OS: Red Hat Enterprise Linux Server release 5.5
Arch: x86_64
- Cores: 8 (Jobs submitted directly to machine - i.e. not through
- PBS queue)
- Endpoint URL:
- https://198.202.120.85:8081/DEMO-SITE/services/BESFactory?res=default_bes_factory
Security: configured for X-509 based mutual client authentication; Email with X-509 cert and for CA cert.
OS: Red Hat Enterprise Linux Server release 5.5
Arch: x86_64
- Cores: 320 (Jobs submitted to
- PBS queue)
A UNICORE client can be used to connect to the FutureGrid UNICORE 6
endpoints.
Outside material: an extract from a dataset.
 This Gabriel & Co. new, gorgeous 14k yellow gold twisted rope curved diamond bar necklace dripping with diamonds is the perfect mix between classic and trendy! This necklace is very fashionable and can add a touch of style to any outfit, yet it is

This section describes how to install a UCC (UNICORE
Commandline Client), configure it to connect to a FutureGrid U6 endpoint
via X-509 based mutual client authentication and then submit jobs via
BES.
- Navigate to the UNICORE website:
http://www.unicore.eu/.
- Select the “Download” link on the tool bar to the left.
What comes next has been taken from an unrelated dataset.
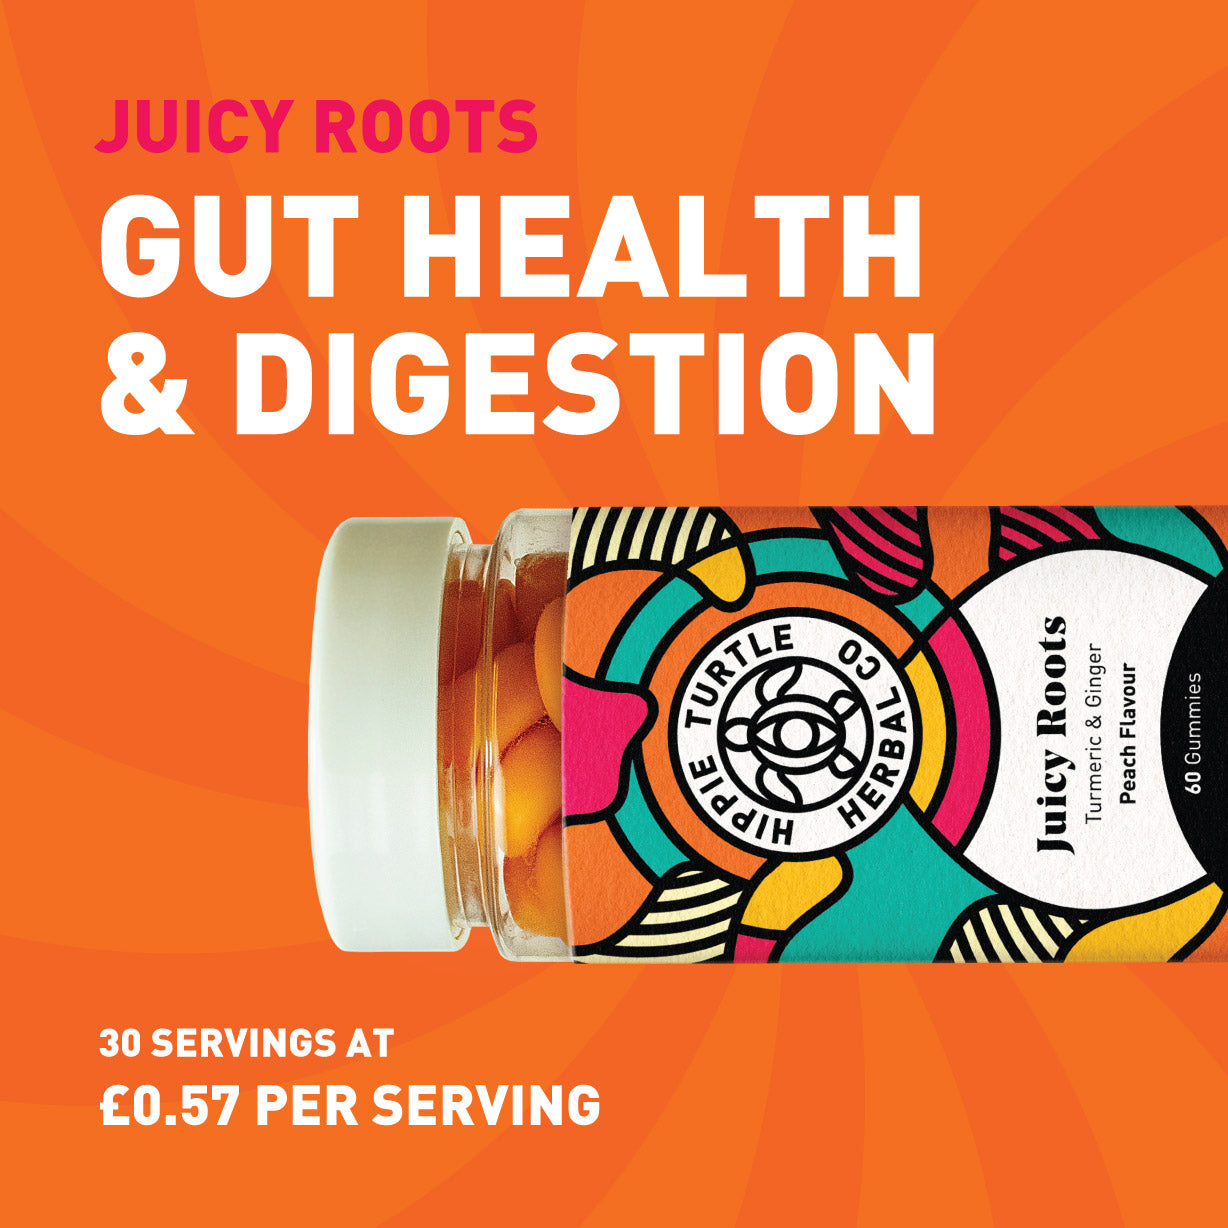 Gut health and digestion supplement in chewable gummy supplement. Hippie turtle herbal co premium turmeric and ginger gummies

- Under the “Clients” section, select the “Download” link for “Commandline Client”.
- Click on the folder for desired version (i.e. 6.4.1)
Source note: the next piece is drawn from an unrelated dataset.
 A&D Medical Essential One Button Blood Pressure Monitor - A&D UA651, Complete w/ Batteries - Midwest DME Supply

- Click on the desired distribution bundle to download (i.e.
ucc-6.4.1-all.tar.gz)
Unpack files from the distribution bundle downloaded (i.e. tar -xvzf
ucc-6.4.1-all.tar.gz)
On completion, there should be a directory containing the UNICORE 6
commandline client (i.e. ucc-6.4.1)
You can add the bin directory to your path for easier client
execution:
export PATH=$PATH:<UCC_HOME>/bin, where UCC_HOME is the directory you installed UCC
Directory Structure
- bin – contains executable “ucc”
- certs
- conf – contains preferences file to be configured with security
and registry settings
- doc
- extras
- lib
- samples
Run ucc to get list and description of available commands:
Usage: ucc <command> [OPTIONS] <args>
The following commands are available:
DATA MANAGEMENT
ls - list a storage
rm - remove a remote file or directory
copy-file-status - check status of a copy-file
get-file - get remote files
find - find files on storages
resolve - resolve remote location
mkdir - create a directory remotely
copy-file - copy remote files
put-file - puts a local file to a remote server
GENERAL
create-storage - create a storage service instance
connect - connect to UNICORE
list-storages - list the available remote storages
list-applications - lists applications on target systems
list-jobs - list your jobs
list-sites - list remote sites
system-info - checks the availability of services
JOB EXECUTION
run - run a job through UNICORE 6
get-status - get job status
abort-job - abort a job
batch - run ucc on a set of files
get-output - get output files
OGSA-BES
bes-list-att - provides information about U6 BES Interface
bes-terminate-job - terminate bes activity
bes-submit-job - run a job through UNICORE 6 BES Interface
bes-list-jobs - list jobs running on BES.
bes-job-status - get bes activity status
OTHER
shell - starts an interactive UCC session
issue-delegation - allows to issue a trust delegation assertion
connect-to-testgrid - get credentials for the public testgrid
wsrf - perform a WSRF operation
cip-query - query a CIS InfoProvider at a UNICORE site
run-groovy - run a Groovy script
WORKFLOW
workflow-trace - trace info on a workflow in Chemomentum
workflow-control - offers workflow control functions
workflow-submit - submit a workflow
workflow-info - lists info on workflows.
broker-run - submit work assignment to service
orchestrator
Enter 'ucc <command> -h' for help on a particular
At this point, the UNICORE Commandline Client has been
installed. However, the client is currently not connected to any
UNICORE sites. The next section will explain how to configure the
client so that the client will connect to one of the FutureGrid U6
endpoints
To connect to a FutureGrid U6 endpoint, you need to
- Setup security information so that your client will trust the
FutureGrid U6 endpoint and vice-versa.
- Specify the connection address that the client should use (aka
registry address).
This configuration process consists of
- Setting up the keystore and truststore files with security information.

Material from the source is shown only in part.